Background: Central sensitisation (CS) increases musculoskeletal pain. Quantitative sensory testing (QST) or self-report questionnaires might indicate CS. Indices of CS might be suppressed by exercise, although the optimal exercise regimen remains unclear.

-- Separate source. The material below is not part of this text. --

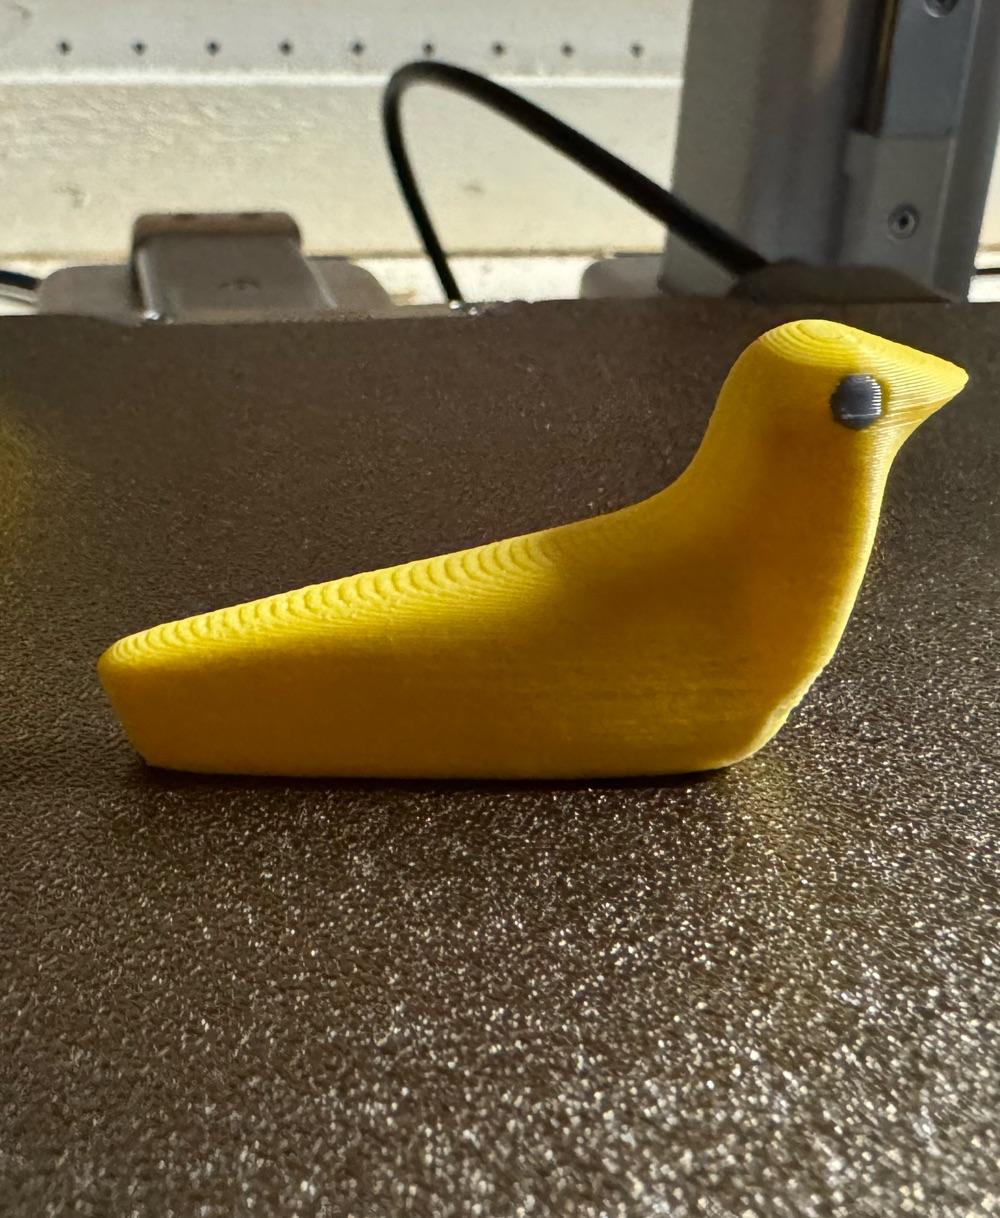 Minimalist Bird Sculptures - Printed first try. .2 layers, no supports  - 3d model

Objectives: We conducted a systematic review and network meta-analysis (NMA) to investigate effectiveness of different exercise regimens on these CS indices in adults.

Methods: We searched 6 electronic databases from inception to November 2023. Meta-analysis of randomised controlled trials (RCTs) investigated effects of exercise on all CS indices. Two independent reviewers assessed risk of bias. NMA of RCTs compared CS indices between exercise types. Sensitivity analysis using only high-quality studies was performed to verify the robustness of our results. Certainty was assessed using the GRADE approach.

Results: Of the 249 eligible studies identified, 164 were RCTs, of which 89 provided data suitable for NMA. Meta-analysis revealed large improvement of post-intervention CS indices compared to baseline (SMD -0.81, 95 % CI -0.93 to -0.70). All reported categories of exercise, except stretching exercise alone, were more effective than non-exercise controls. Combined exercises that include stretching together with strengthening exercises (SMD -1.67, 95 % Credible Interval (CrI) -2.41 to -0.97), or strengthening, stretching and aerobic components (SMD -1.61, 95 % CrI -2.74 to -0.56) were most effective at reducing CS indices compared to non-exercise controls. Sensitivity analysis confirmed the robustness of our findings, particularly for combined stretching and strengthening exercise.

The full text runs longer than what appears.